開店準備をしていた橋本さんに「早っ!」と言われながら11時の開店を待つ。
待つのもうなぎ屋を訪れる醍醐味のひとつなのだ。
席に案内されて、まず出されたのが〈鯉のお椀〉
橋本さんが、再び鯉と向き合う時間を作り「鯉と塩」で仕立てたお椀ということだ。
鯉は泥臭いというイメージを覆す逸品。
鯉の旨みだけを凝縮し、川の香りだけをほんのり残す。
そして、牛蒡とオクラの風味が良いアクセントになっている。
川の滋味が溢れている。
土用蜆があるのだから鯉を土用に使うのも有だ。
〈鯉する土用椀〉というネーミングは如何だろうか。
カミさんと2人で行って、〈土用丼〉限定5食のうち2つをいただくのはさすがに気が引ける。
もう一つは〈鰻重〉をお願した。
お椀は〈赤だし〉
〈鰻重〉に使用の鰻は宮崎佐土原「和匠うなぎ」の新仔ということだ。
すっきりした脂にねっとり感は新仔らしい新仔である。
『鰻はし本』さんへ伺うたびにタレが美味くなっているように感じる。
ベテラン職人さんの
「タレは年数でなく、どれだけ良い鰻をくぐらせたかだ。」
という言葉を思い出す。
【〈土用丼〉を食す】
有機野菜が美味しい〈サラダ〉
器の模様が鰻のようでニッコリ。
ついに登場 〈土用丼〉
橋本さんが教えてくれた、この日の〈土用丼〉のスペックは以下の通り
鰻:宮崎青木養鰻場新仔3.5P牛:熊本県菊池市産「和王」共励会最優秀賞ミスジ/サンカク/バラ/ヤリをゆさか精肉店が独自ブレンド玉葱:北海道産有機マスタード:大分県香々地産(自家漬)紅生姜:有機梅酢(自家漬)

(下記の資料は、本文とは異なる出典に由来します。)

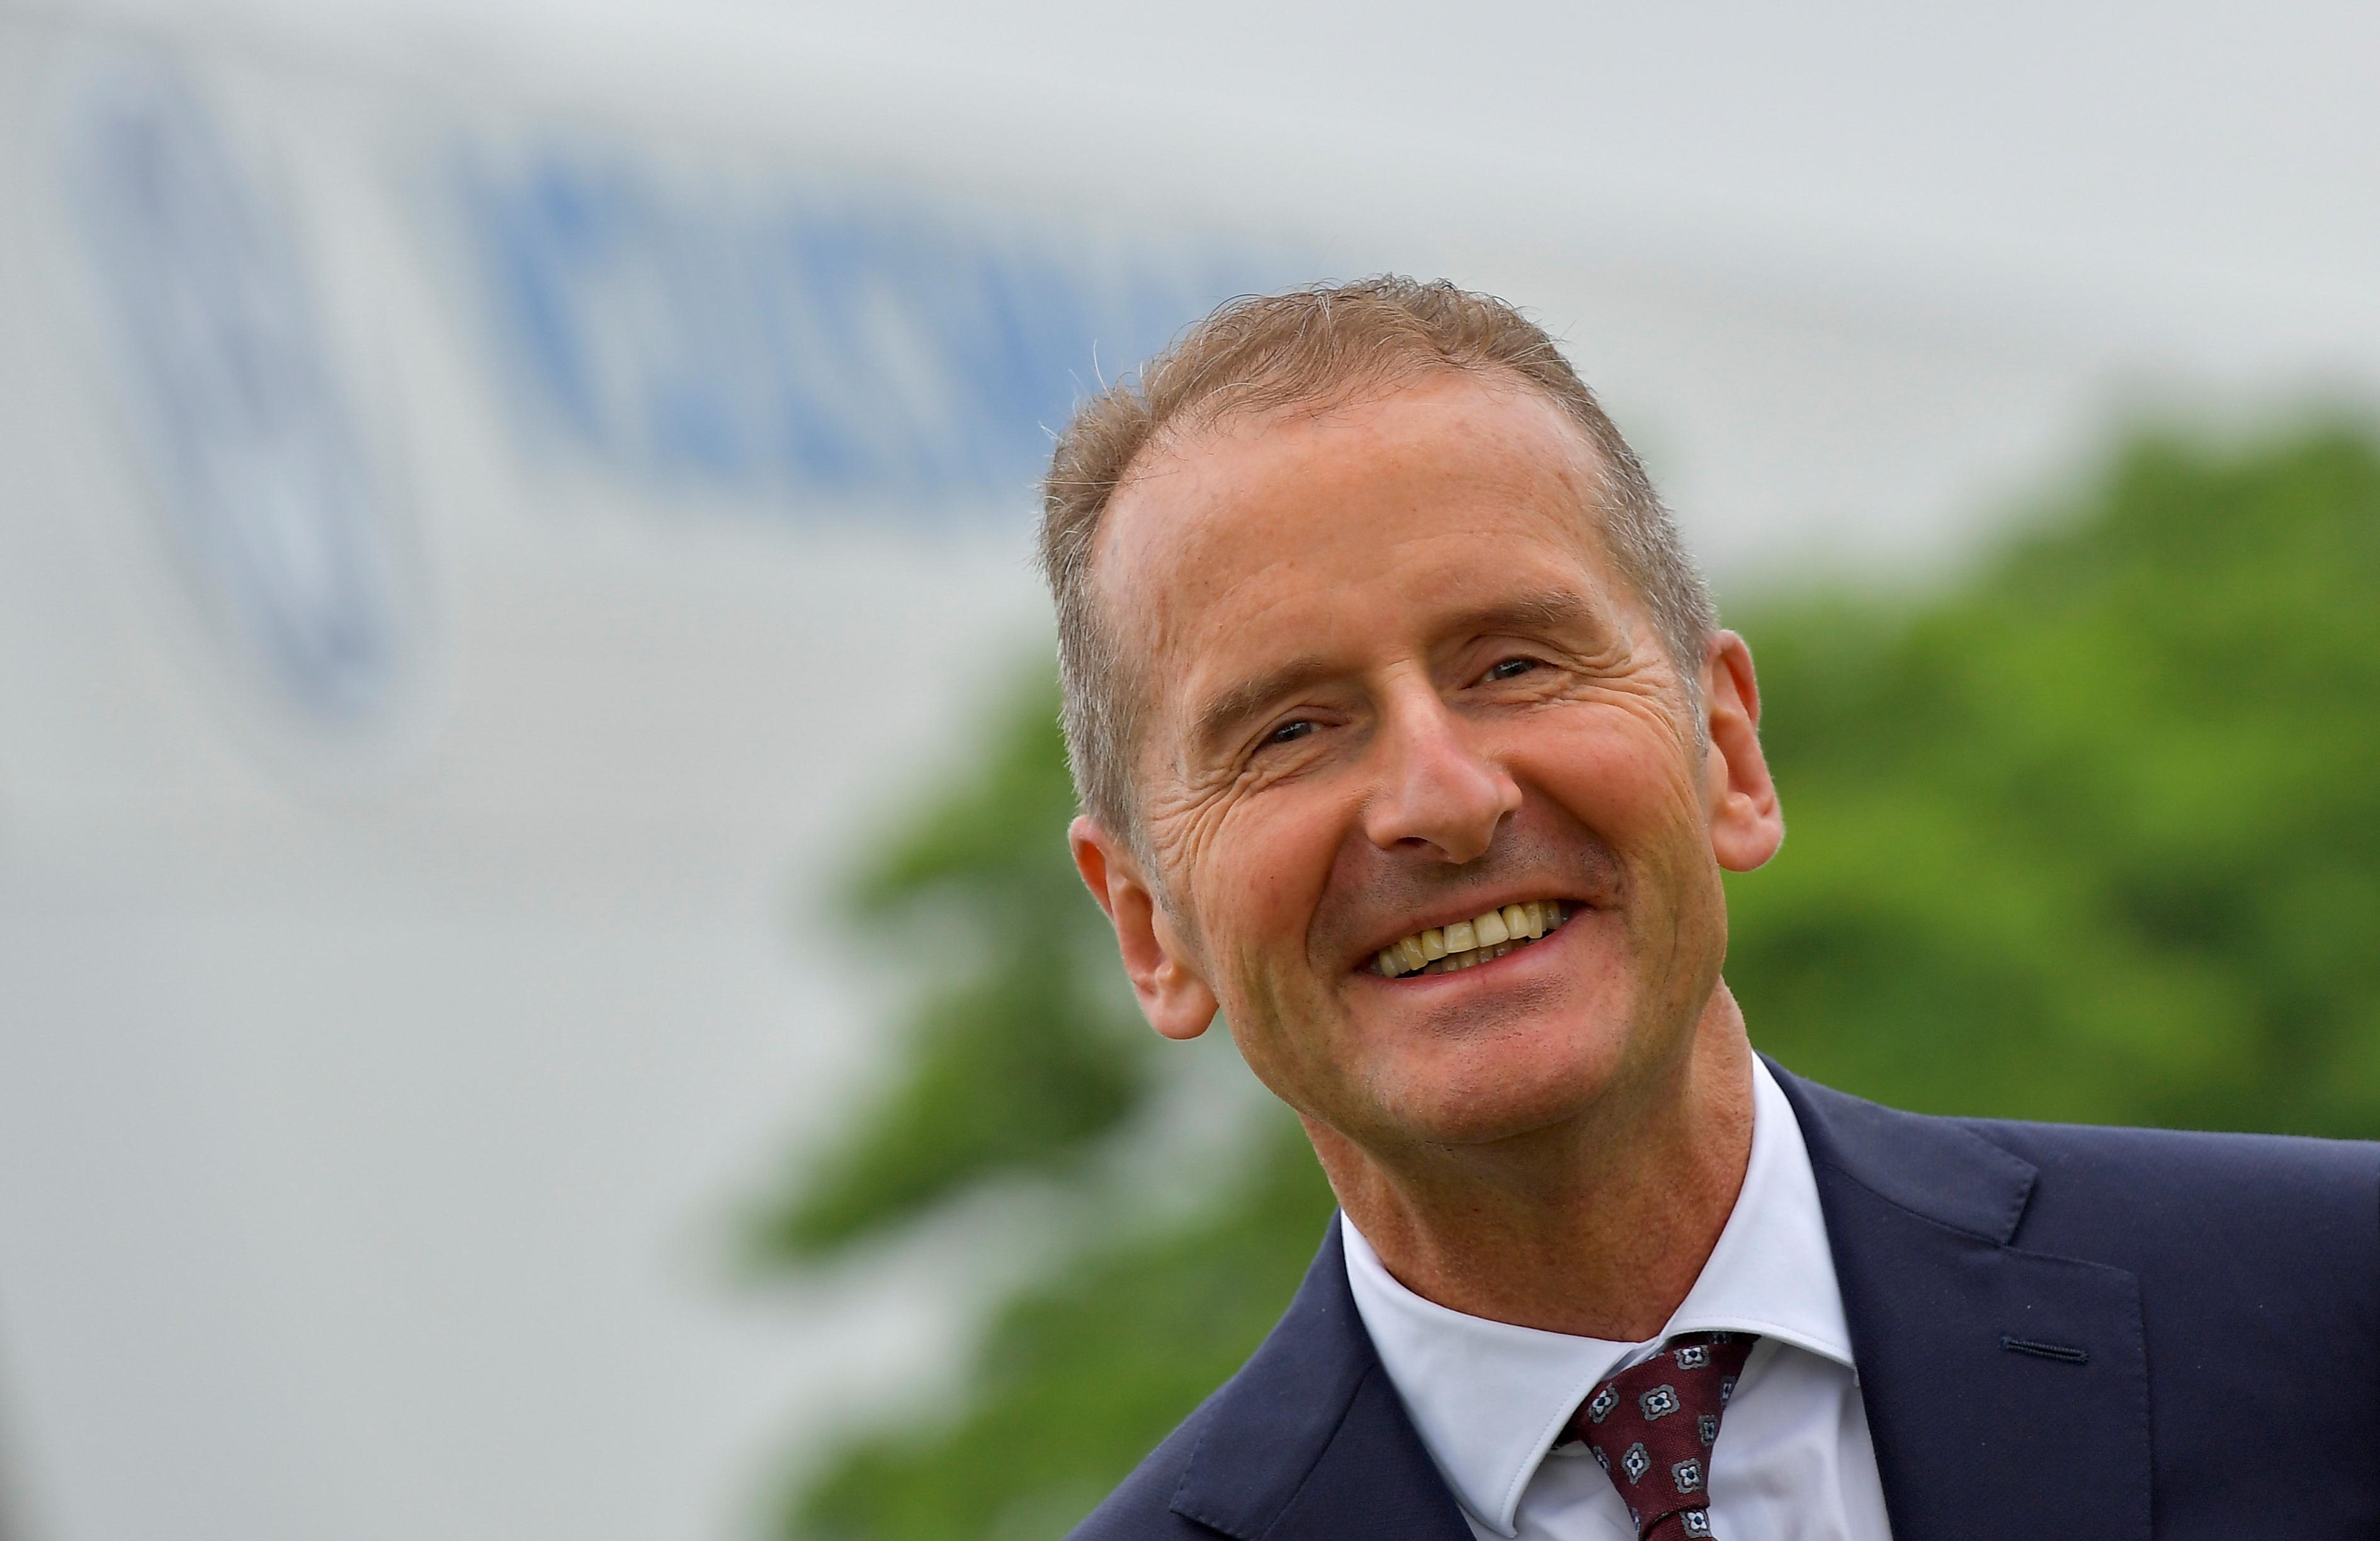 Volkswagen CEO Herbert Diess looks on during his visit to Volkswagen's electric car plant in Zwickau, Germany, June 23, 2021. REUTERS/Matthias Rietschel
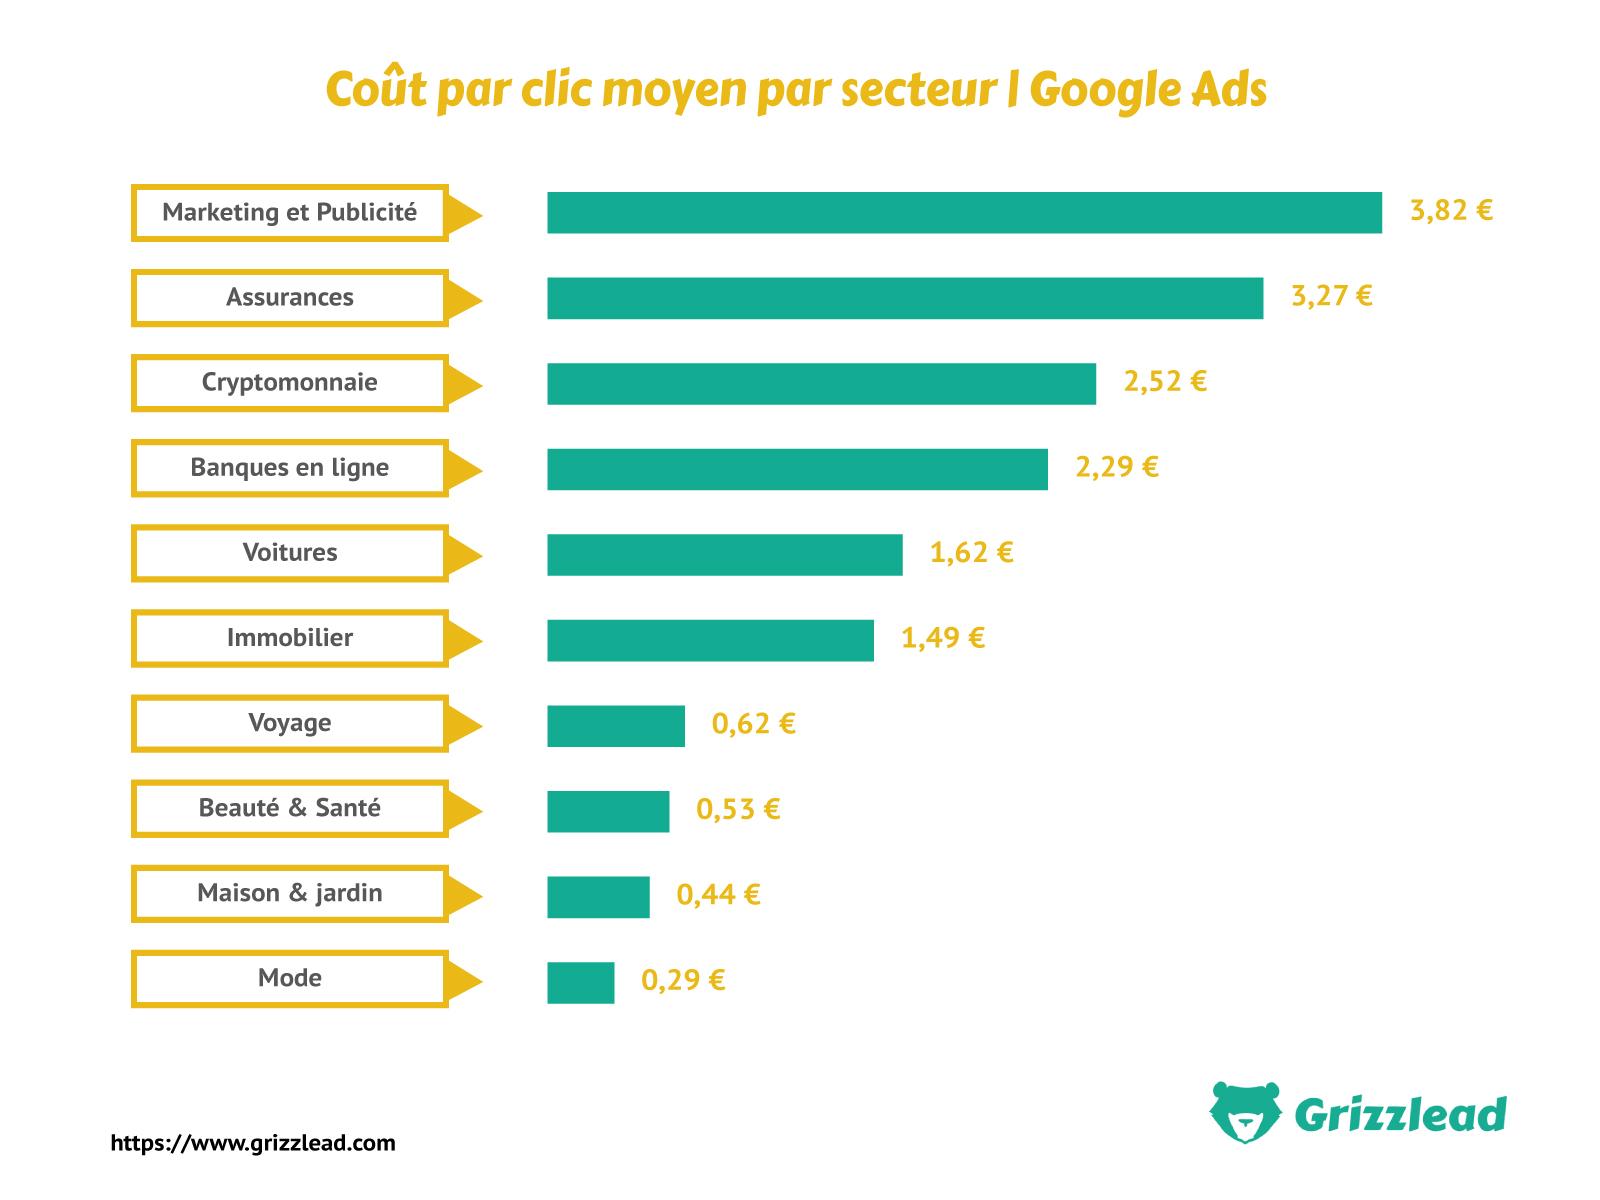 Infographie montrant le coût par clic moyen par secteur d'activité sur Goole Ads Adwords

これだけの食材を使い、手間をかけて、税別3,700円。
素人ながら原価率が心配になる。
さまざまな部位の牛肉の食感を楽しめて、牛本来の旨みに有機玉葱の旨さのデュエット。
そこに太物の新仔鰻のボリューミーでふわとろな食感と爽やかな脂の旨みとタレの旨みも加わり、ひとつの丼の中で旨みのカルテットを奏でる。
自家製のマスタード、紅生姜は味の変化や箸休めにもってこい。
高スペックの〈土用丼〉は、ポールポジションから一気にゴールへ駆け抜けた。
鰻専門店の本気度を余すところなく、鰻喫させていただいた。
〈土用丼〉は、秋の土用に再会できるのか、はたまた来年か。
橋本さんの斬新な企画に今後も期待したい。
うなぎ断ち『断ち物』という自分が好きな物を断つことで願いを成就しようとする願掛けの方法をご存知でしょうか?
願いが実現するまで、もしくは自分が決めた期間内まで好きな物を断つのです。
諸般の事情で内容は詳しく書けませんが、お盆休みが明けたころに自分の力ではどうにもならないことが起きてしまいました。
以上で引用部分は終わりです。